Just after Adrienne Rich died, I found her in Strong Words, the Bloodaxe collection of modern poets talking about modern poetry (edited by Herbert & Hollis).   At a poetry reading in 1964, Rich talked about her development as a poet.  In early days, she said, she had “a much more absolutist approach to the universe”. 

I also felt... that a poem was an arrangement of ideas and feelings, pre-determined, and it said what I had already decided it should say.  There were occasional surprises… but control, technical mastery and intellectual clarity were the real goals.

Only gradually… did I begin to feel that these poems, even the ones I liked best and in which I felt I’d said most, were queerly limited, that in many cases I had suppressed, omitted, falsified even, certain disturbing elements, to gain that perfection of order…

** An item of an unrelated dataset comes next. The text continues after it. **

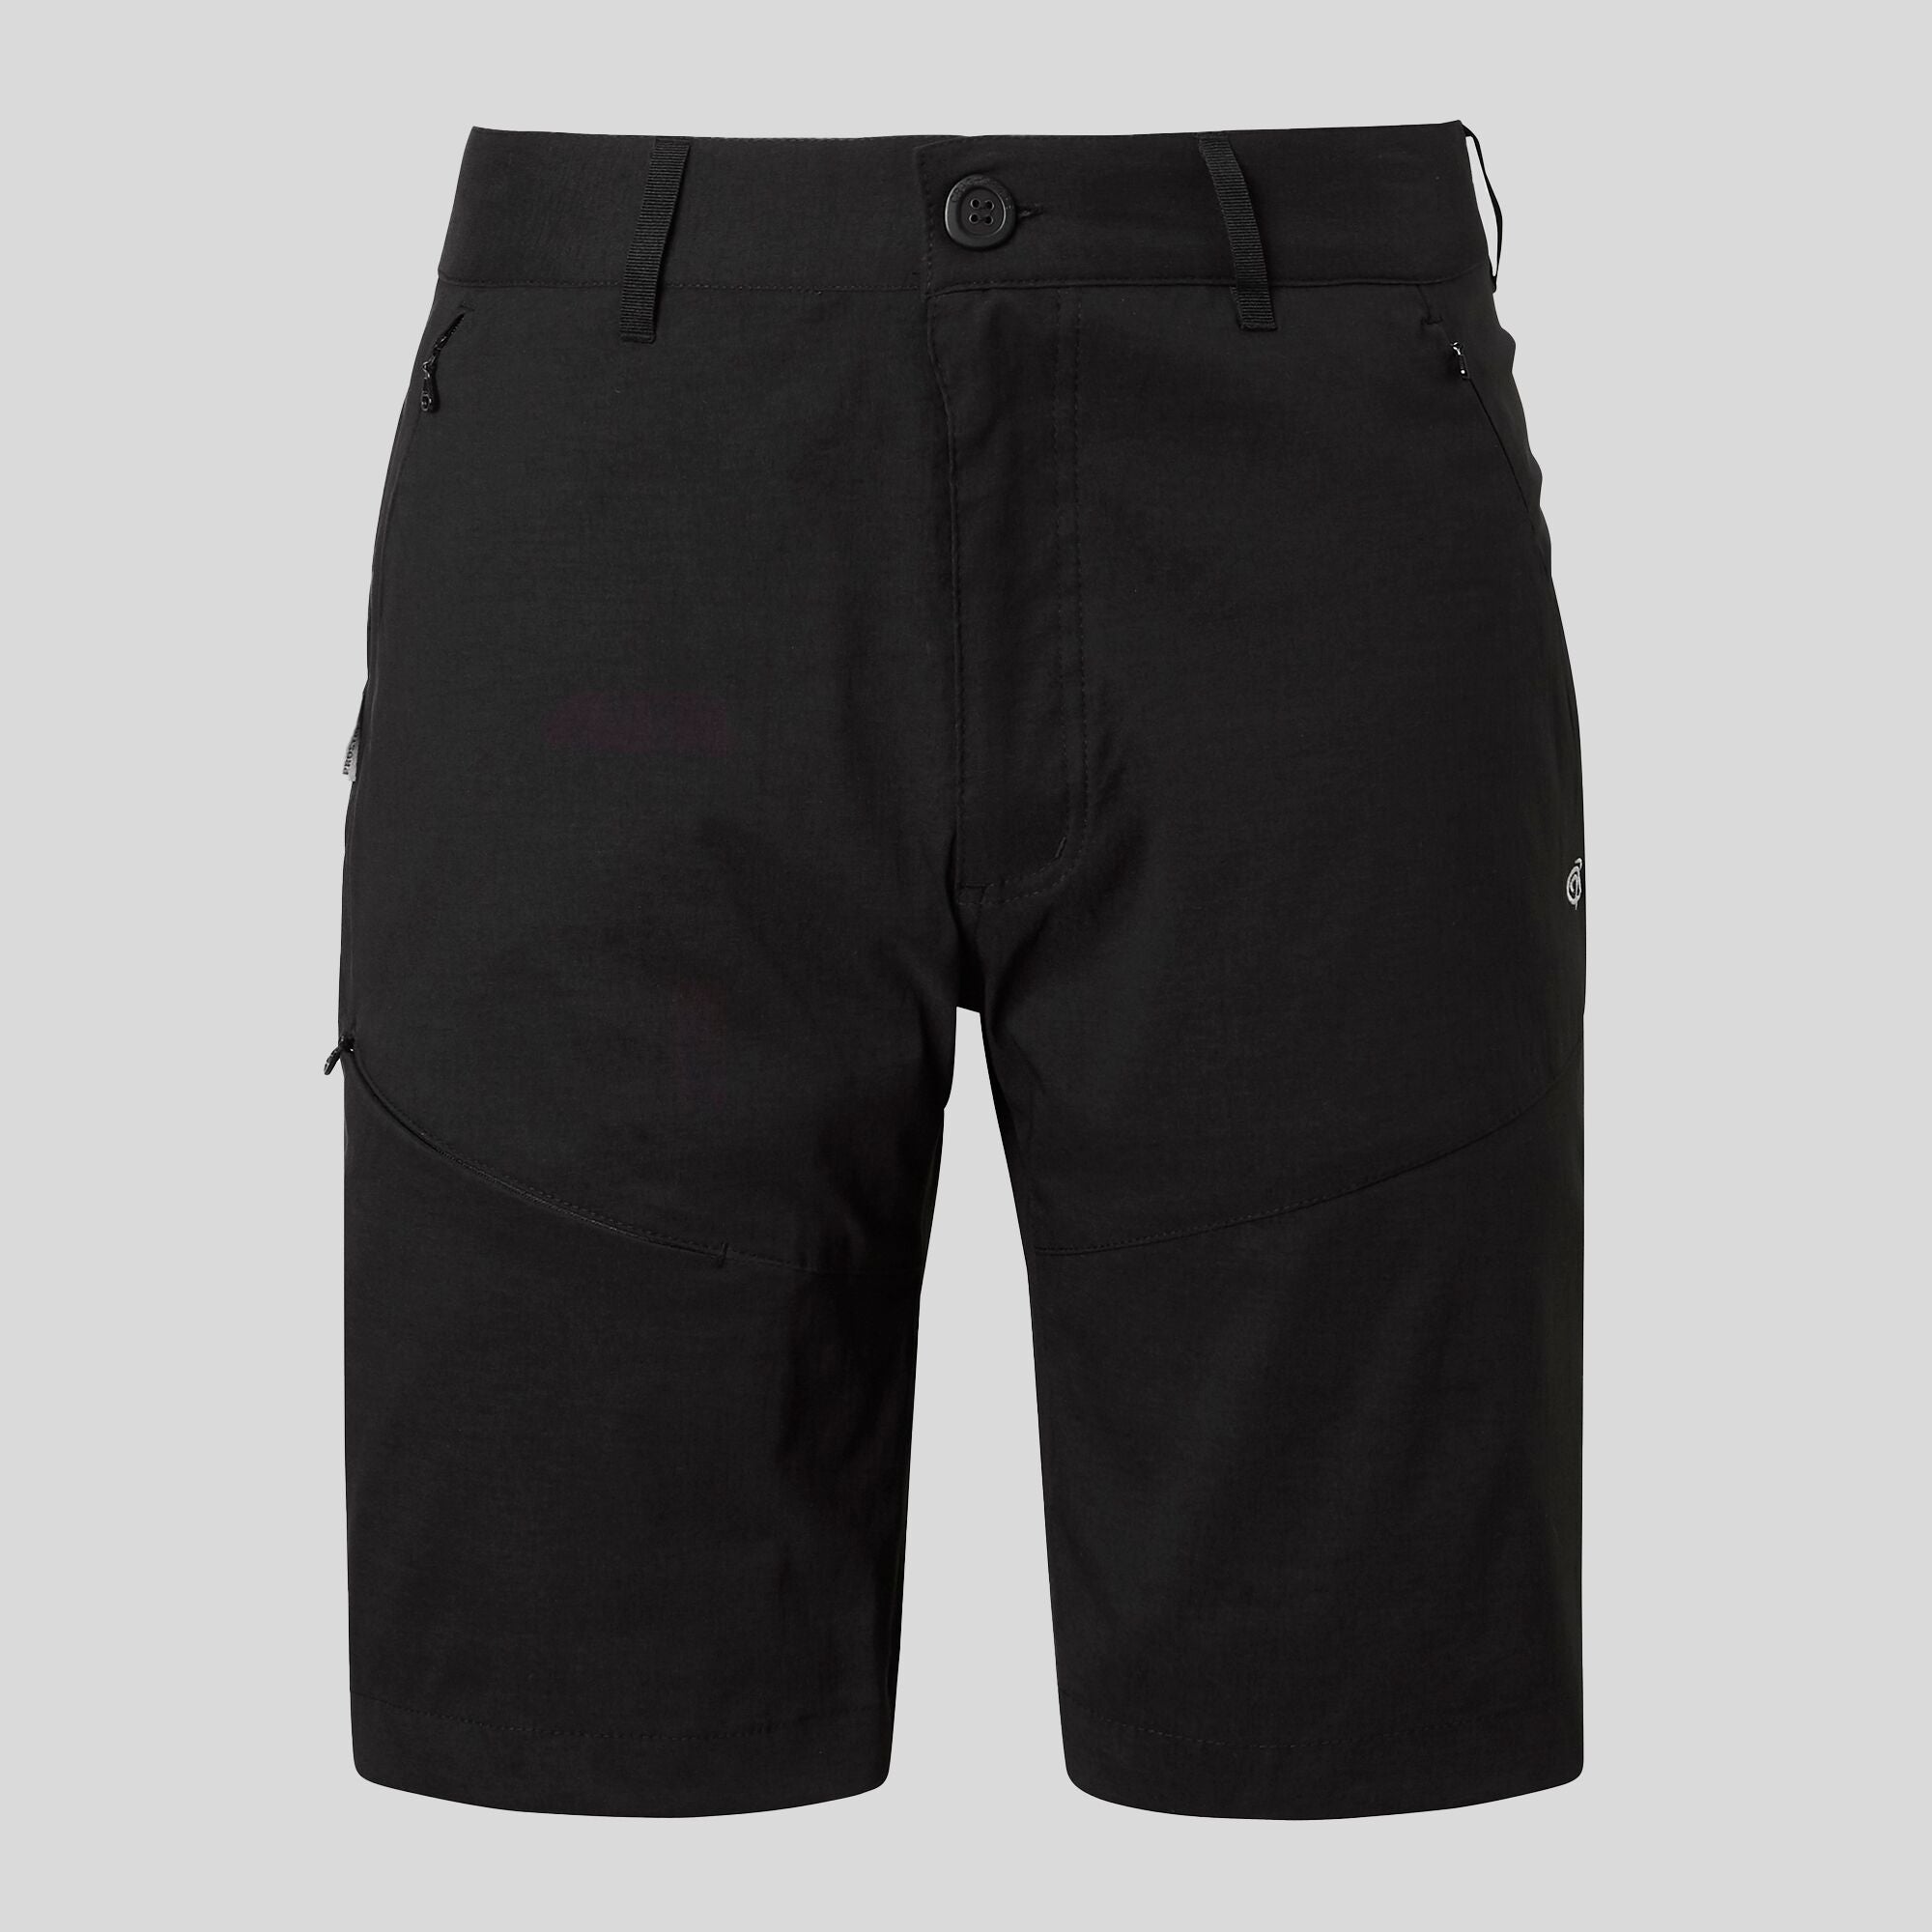 Men's Kiwi Pro Shorts | Black

I can no longer go to write a poem with a neat handful of materials and express these materials according to a prior plan: the poem itself engenders new sensations, new awareness in me as it progresses.  Without for one moment turning my back on conscious choice and selection, I have been increasingly willing to let the unconscious offer its materials, to listen to more than the one voice of a single idea…  Instead of poems about experiences I am getting poems that are experiences, that contribute to my knowledge and my emotional life even while they reflect and assimilate it. 

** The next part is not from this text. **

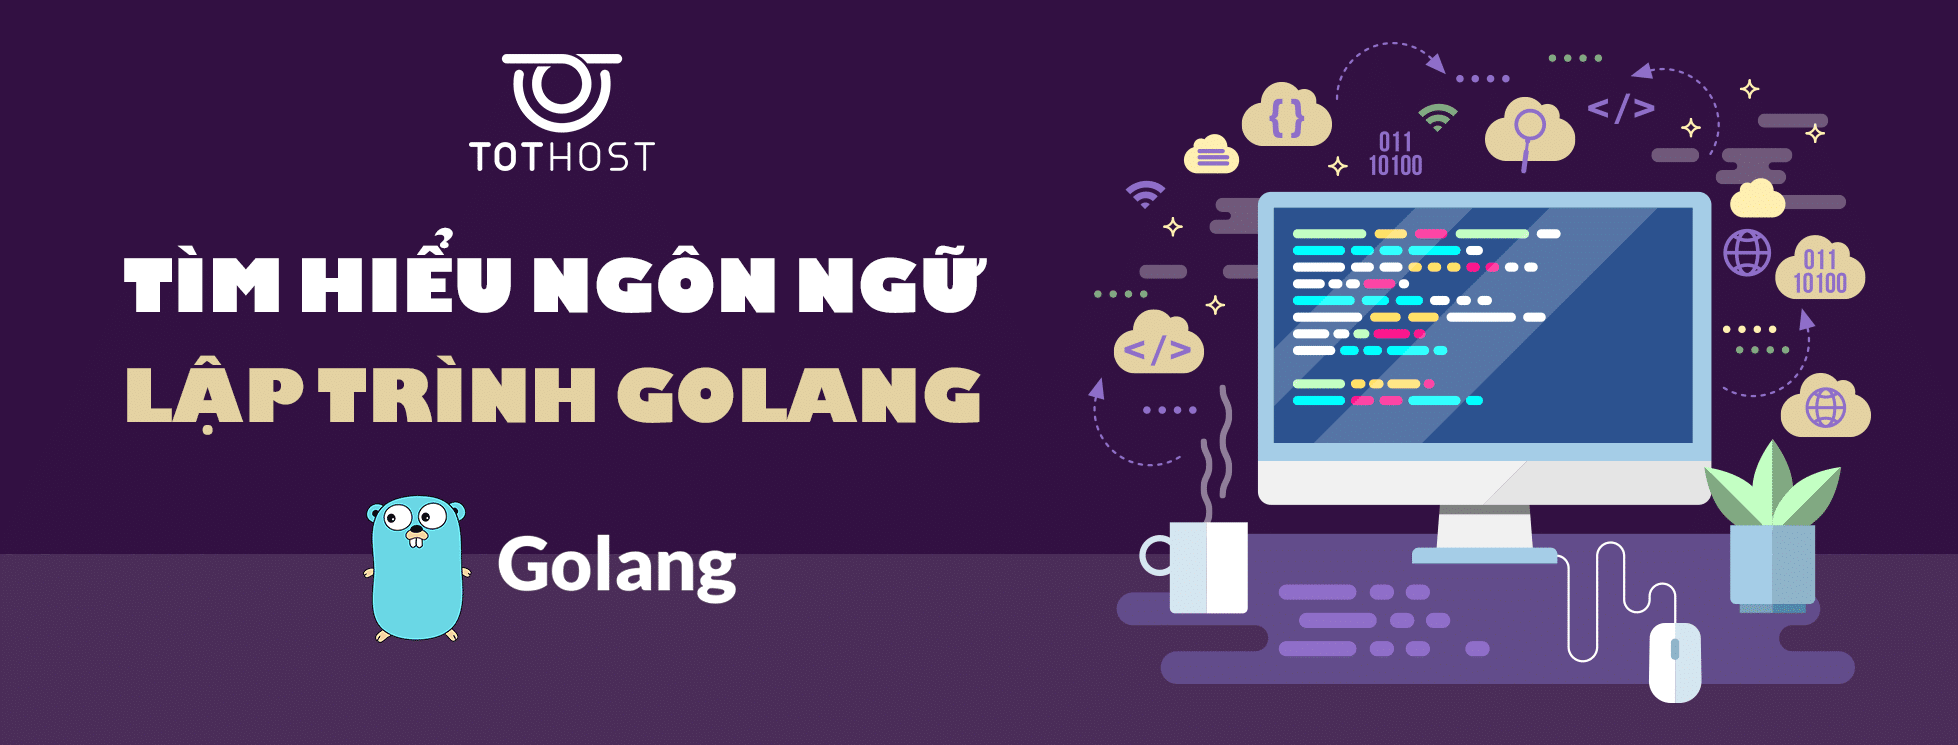 Tìm hiểu về ngôn ngữ lập trình Golang

This sent me back to ‘Diving into the Wreck’, a poem that seems to change, and get better, on each reading.  One test of a great poem?  It was written in 1972, and this time I read it against the background of Rich’s statement.  The whole poem is here.  Here are some extracts.    

I go down.
My flippers cripple me,
I crawl like an insect down the ladder
and there is no one
to tell me when the ocean
will begin.

….

I came to explore the wreck.
The words are purposes.
The words are maps.
I came to see the damage that was done
and the treasures that prevail.
I stroke the beam of my lamp
slowly along the flank
of something more permanent
than fish or weed

the thing I came for:
the wreck and not the story of the wreck
the thing itself and not the myth
the drowned face always staring
toward the sun
the evidence of damage
worn by salt and sway into this threadbare beauty
the ribs of the disaster
curving their assertion
among the tentative haunters.

I like the poem for the beauty, interest and magic of the description, the rich associations, and the authoritative yet also meditative tone.  It’s a political poem, a powerful statement of feminism that transcends male/female differences - and its source of power is the poetry. 

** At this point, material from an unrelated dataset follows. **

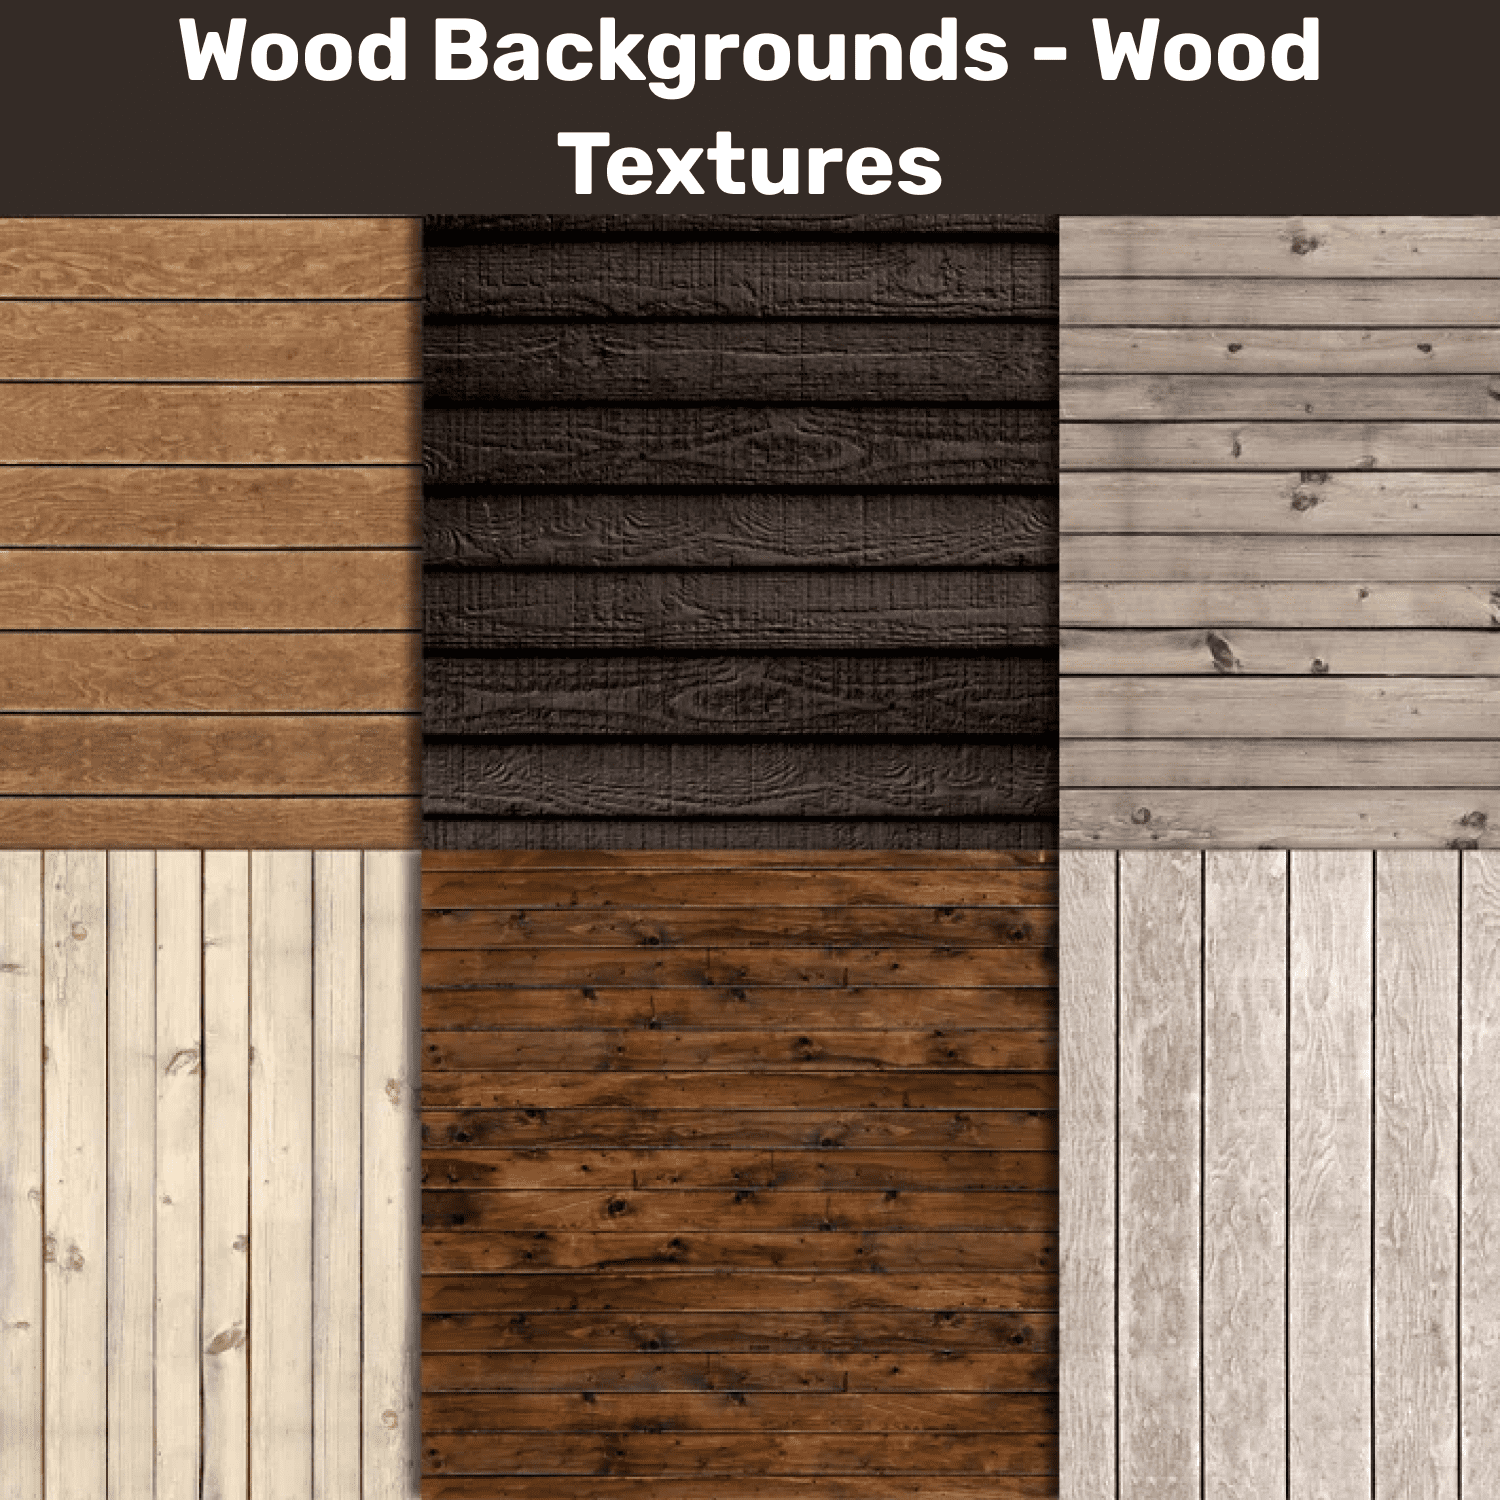 Wood backgrounds với độ chân thực và sự đa dạng về màu sắc luôn làm cho bất cứ hình ảnh nào trở nên sống động hơn. Hãy khám phá rừng cây với những tone màu đa dạng của wood backgrounds trong hình ảnh này!

There’s a page of interpretations on the University of Illinois’ Modern American Poetry website. 

1 comment:

  1. In an afterword to Adrienne Rich's pamphlet ‘Poetry and Commitment’, a rousing defence of the social role (duty) of the poet, Mark Doty says Rich's commitment and questioning of power structures are ‘the huge rockshelves’ under her work.
    In the pamphlet she makes a powerful point about politics which has resonated with me since I first read it: ‘In my lifetime I’ve seen the breakdown of rights and citizenship where ordinary “somebodies”, poets or not, have left politics to a political class bent on shoveling the elemental resources, the public commons, of the entire world into private control.’